By Counterforce Health Team in Daybue (trofinetide)

How to Get Daybue (trofinetide) Covered by Aetna (CVS Health) in Washington: Complete PA Guide, Forms, and Appeal Process

Answer Box: Aetna (CVS Health) requires prior authorization for Daybue (trofinetide) with genetic confirmation of Rett syndrome (MECP2 mutation), specialist prescription, and age ≥2 years. Submit PA through Aetna provider portal with MECP2 test results, neurologist notes, and weight-based dosing calculation. If denied, Washington offers external review through Independent Review Organizations with 180-day appeal window. Start today: contact prescribing neurologist to gather genetic test results and clinical documentation.

Table of Contents

ICD-10 and Diagnostic Coding Requirements

The primary diagnosis code for Rett syndrome is F84.2, classified under Mental, Behavioral and Neurodevelopmental Disorders. This code must be supported by comprehensive documentation that meets both clinical and genetic criteria.

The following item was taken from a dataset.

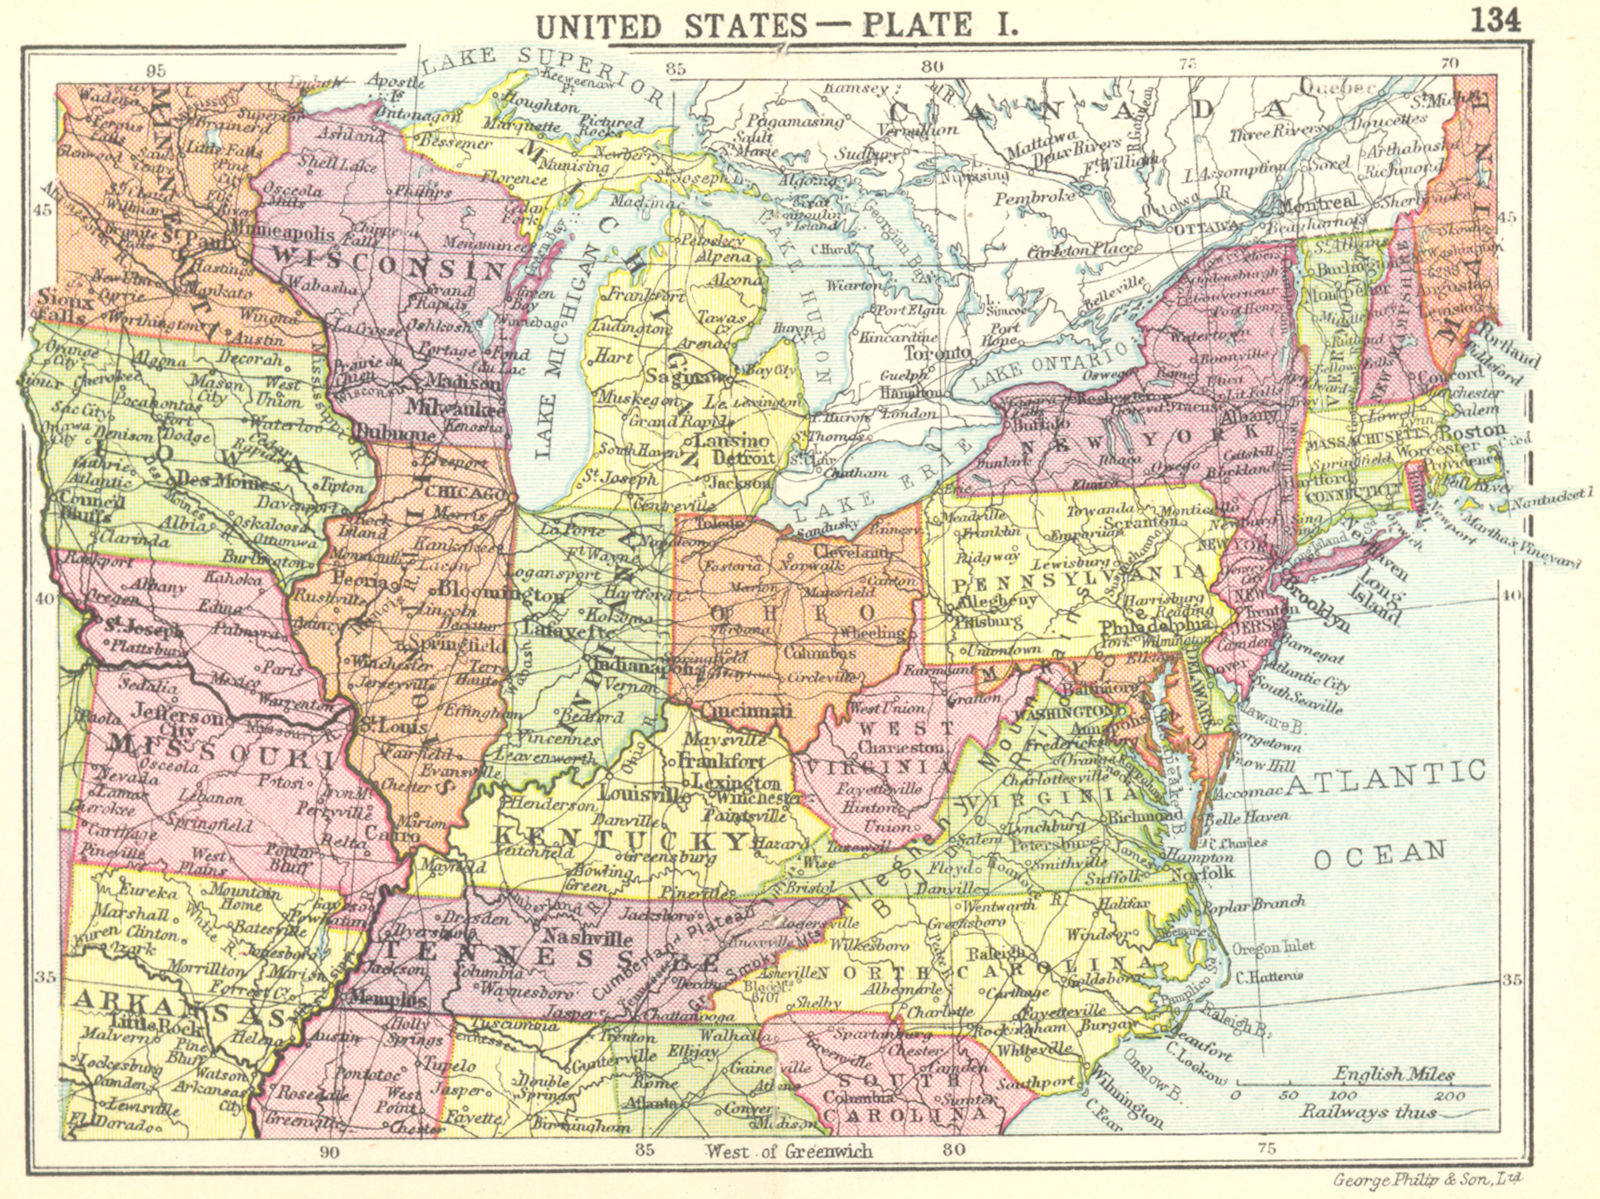 USA. United States-Plate I; Small map 1912 old antique vintage plan chart

Required Documentation Elements

Clinical manifestations that support F84.2 coding:

  • Partial or complete loss of acquired purposeful hand skills
  • Partial or complete loss of acquired spoken language
  • Gait abnormalities (ataxia, apraxia)
  • Stereotypic hand movements (wringing, clapping, tapping)
  • Evidence of regression in development

Genetic confirmation requirement: Aetna CVS Health requires documented pathogenic variant in the MECP2 gene located on the X chromosome. The genetic test results must show a confirmed mutation—clinical diagnosis alone is insufficient for coverage approval.

Clinician Corner: When documenting for F84.2, include baseline severity assessments using validated tools like the Rett Syndrome Behavior Questionnaire (RSBQ) or Clinical Global Impression-Improvement (CGI-I) scale. These provide measurable outcomes for reauthorization requests.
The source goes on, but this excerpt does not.